# Visit to Thailand



## Sloth (Oct 7, 2017)

Hi Guys, I considering a trip to Thailand in January and Ive sort of planned an Itinery,
as you people know the land can I get your thoughts ie too long in some places, not enough time etc.
I'm a single traveller 49 years, here`s the plan - Chaing Mai 4 nights, fly to Kou Samuri 7 nights then back to Bangkok for 4 nights. Any other suggestions, I must say I don't want to be moving everyday.
Thanks in advance


----------



## XDoodlebugger (Jan 24, 2012)

Sloth said:


> Hi Guys, I considering a trip to Thailand in January and Ive sort of planned an Itinery,
> as you people know the land can I get your thoughts ie too long in some places, not enough time etc.
> I'm a single traveller 49 years, here`s the plan - Chaing Mai 4 nights, fly to Kou Samuri 7 nights then back to Bangkok for 4 nights. Any other suggestions, I must say I don't want to be moving everyday.
> Thanks in advance


Sounds like a reasonable plan to me as long as you like the beach.
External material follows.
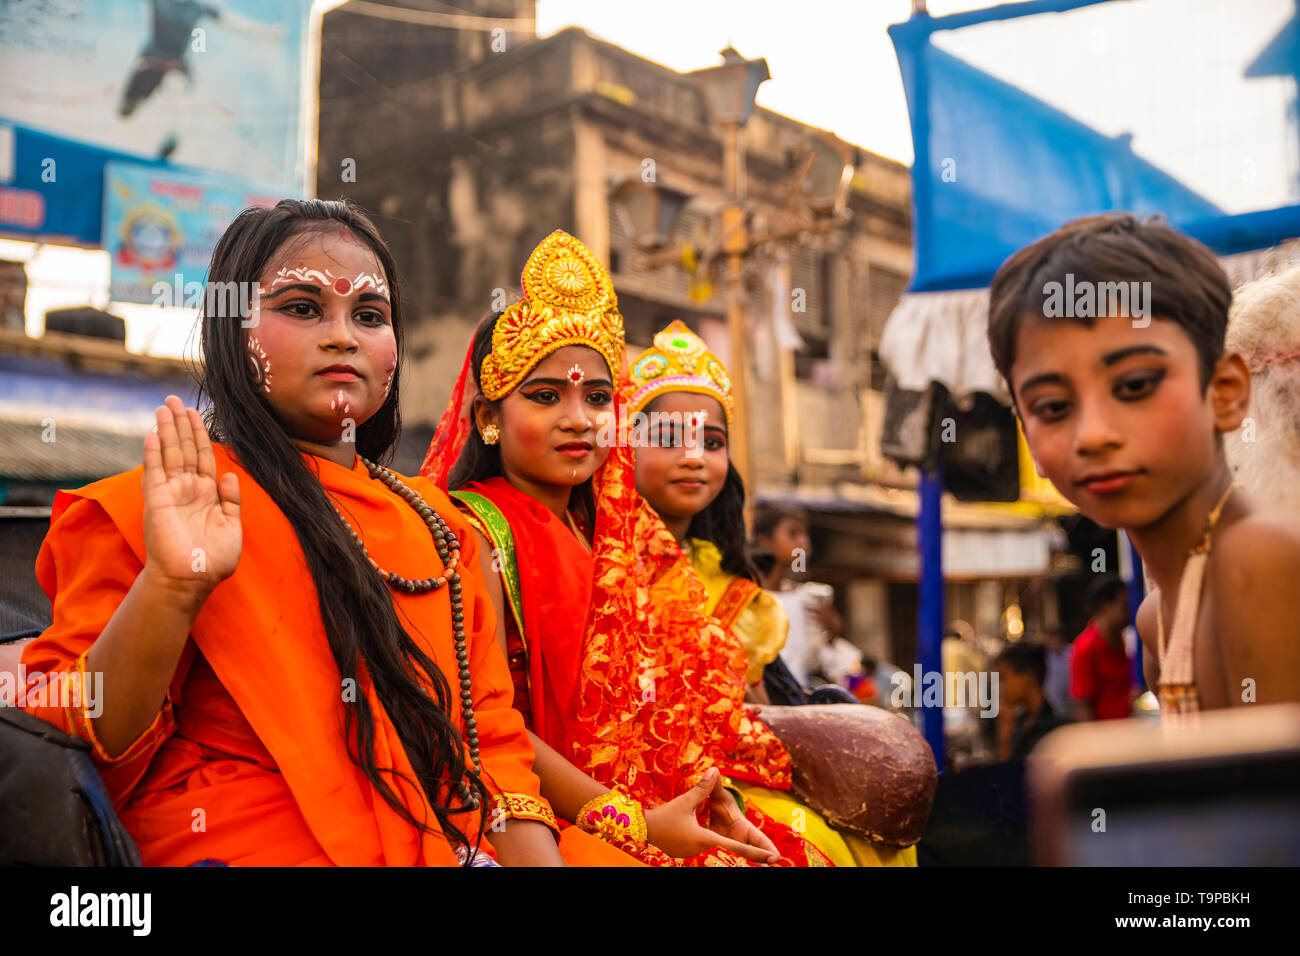 La fin de l'année,bengali,temple Kalighat,procession de ,la Divine ,figurines, historiques,entités maring,adoption,d'un an,Kolkata, Inde. Banque D'Images
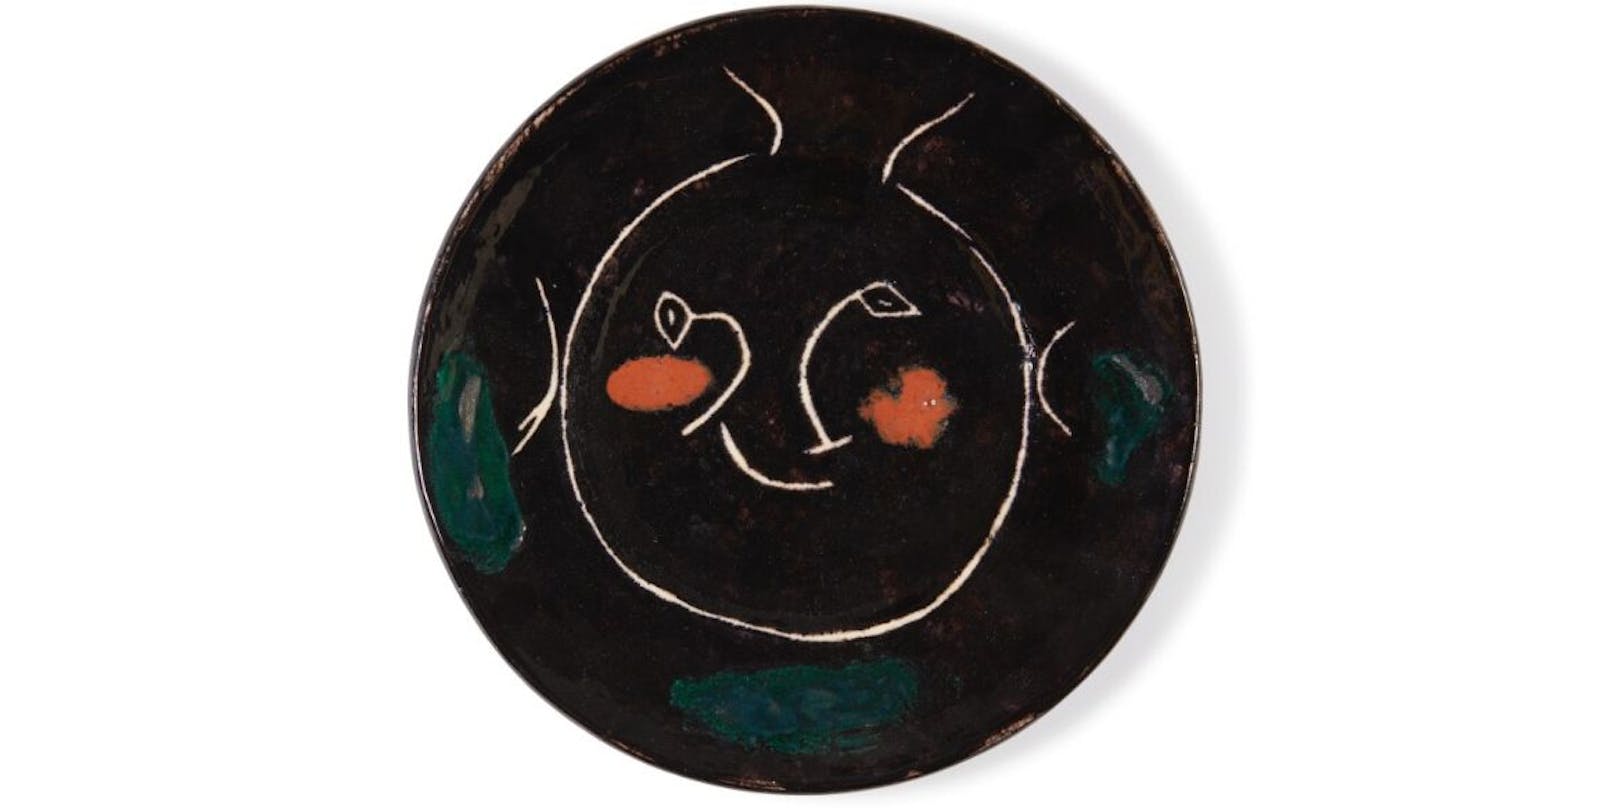 Wie sich später herausstellte, waren die Keramikteller Teil von Pablo Picassos Reihe "Visage Noir", die er in den 40er-Jahren in einem Tonstudio in Südfrankreich produzierte.

I tend to use Bangkok as my base as I like the nightlife, not as much selection of that outside of Bangkok except Pattaya but it's there as well.


----------



## Eliza5 (Oct 8, 2017)

visit chiang rai

Sent from my SM-T561 using Tapatalk


----------



## Mardle (Nov 13, 2017)

Koh Samui is a very touristic island, mayge Krabi or Koh Phi Phi, though very touristic are better place for 7 days, enjoy!


----------